Stored data:
= Beginning of Section =

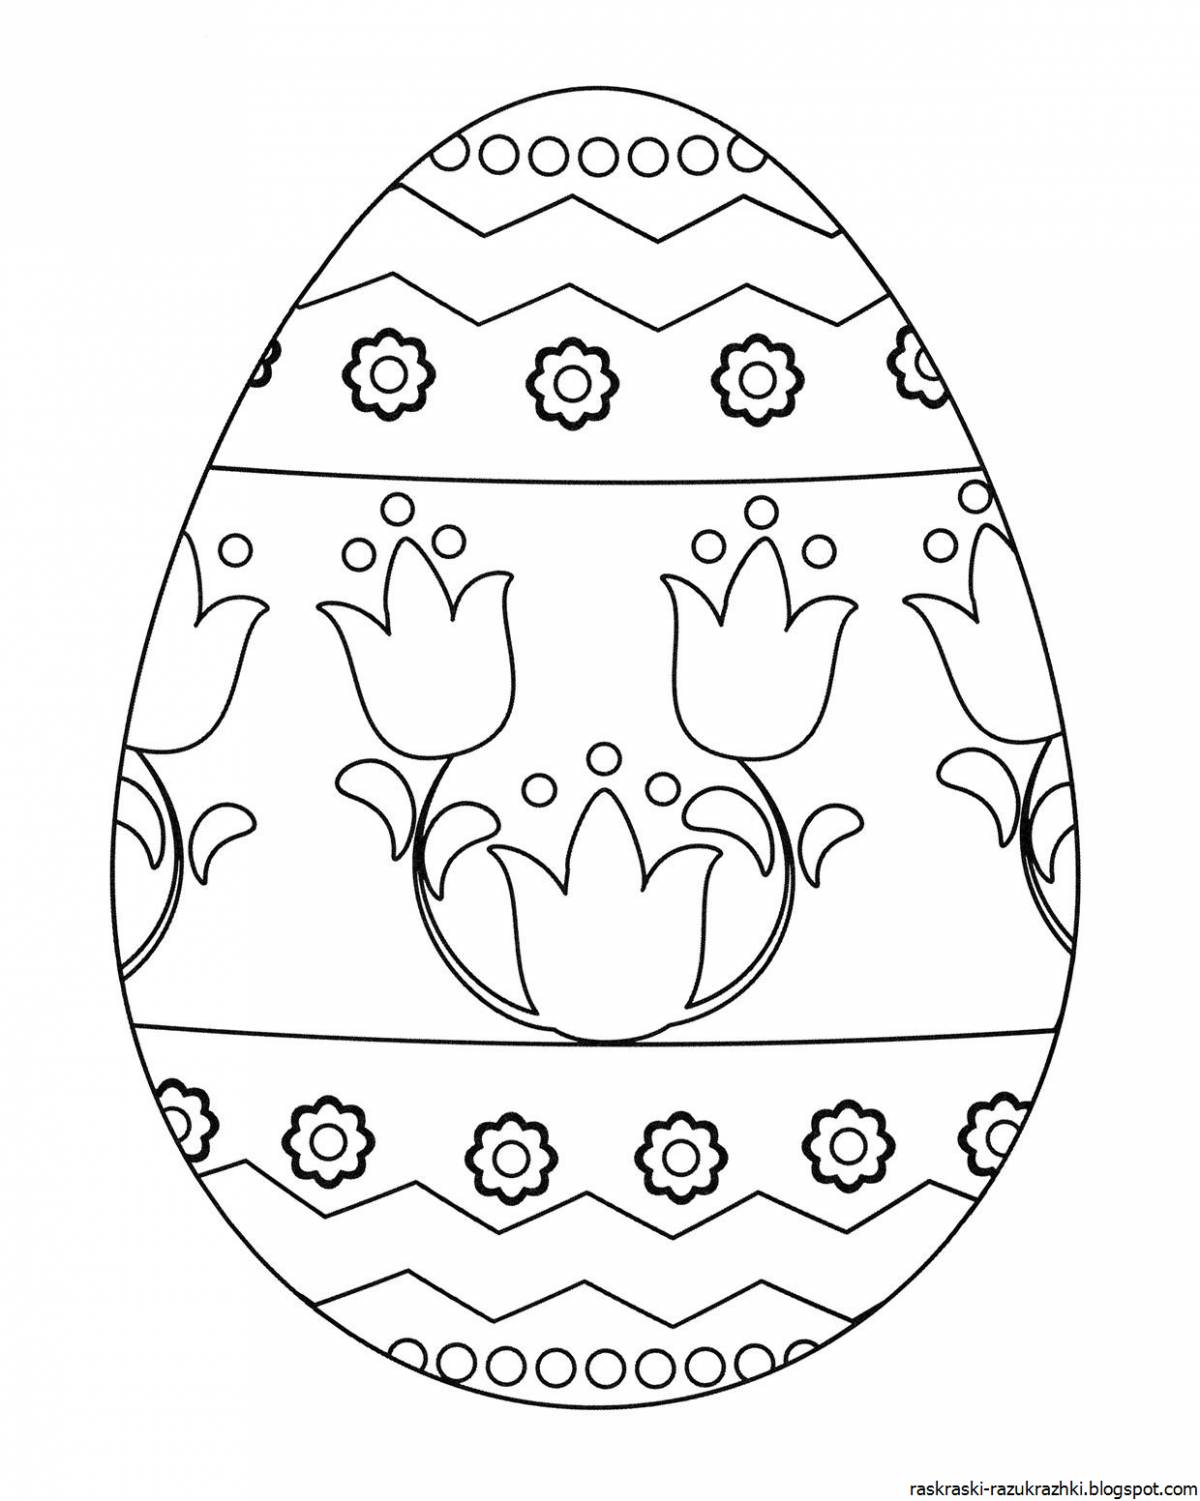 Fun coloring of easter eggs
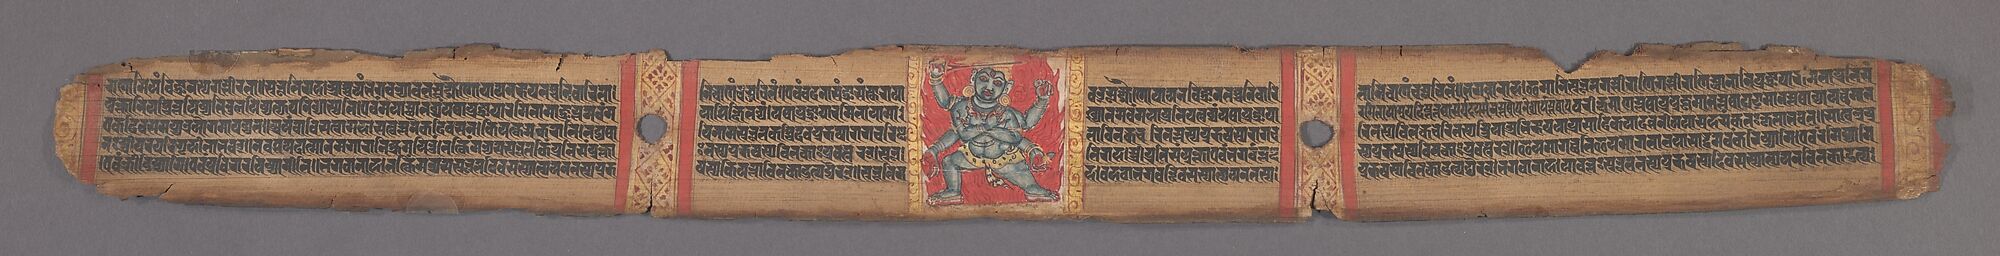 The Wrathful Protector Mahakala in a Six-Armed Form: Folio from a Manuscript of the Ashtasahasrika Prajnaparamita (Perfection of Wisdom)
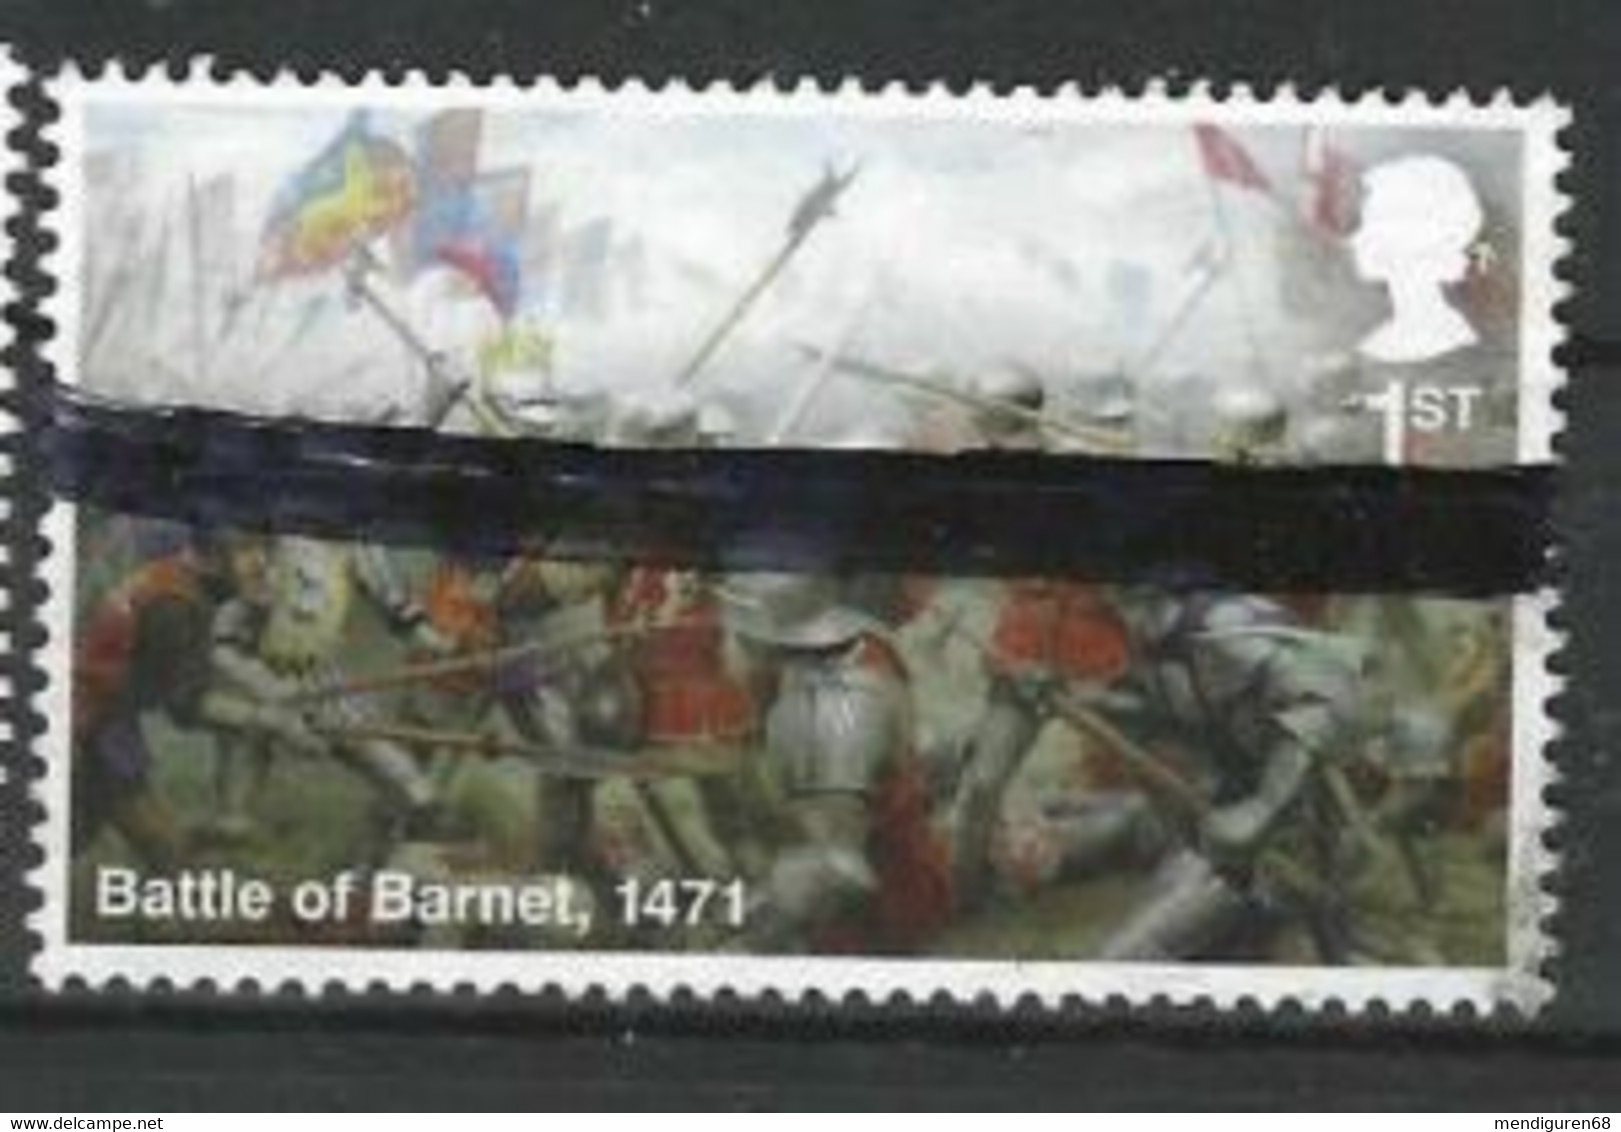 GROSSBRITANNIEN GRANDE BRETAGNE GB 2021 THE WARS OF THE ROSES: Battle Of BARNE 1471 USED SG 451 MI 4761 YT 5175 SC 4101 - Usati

= End of Section =

Task details: Images are to be skipped, and each line above is to be returned exactly.

Result of the task:
 Fun coloring of easter eggs
 The Wrathful Protector Mahakala in a Six-Armed Form: Folio from a Manuscript of the Ashtasahasrika Prajnaparamita (Perfection of Wisdom)
 GROSSBRITANNIEN GRANDE BRETAGNE GB 2021 THE WARS OF THE ROSES: Battle Of BARNE 1471 USED SG 451 MI 4761 YT 5175 SC 4101 - Usati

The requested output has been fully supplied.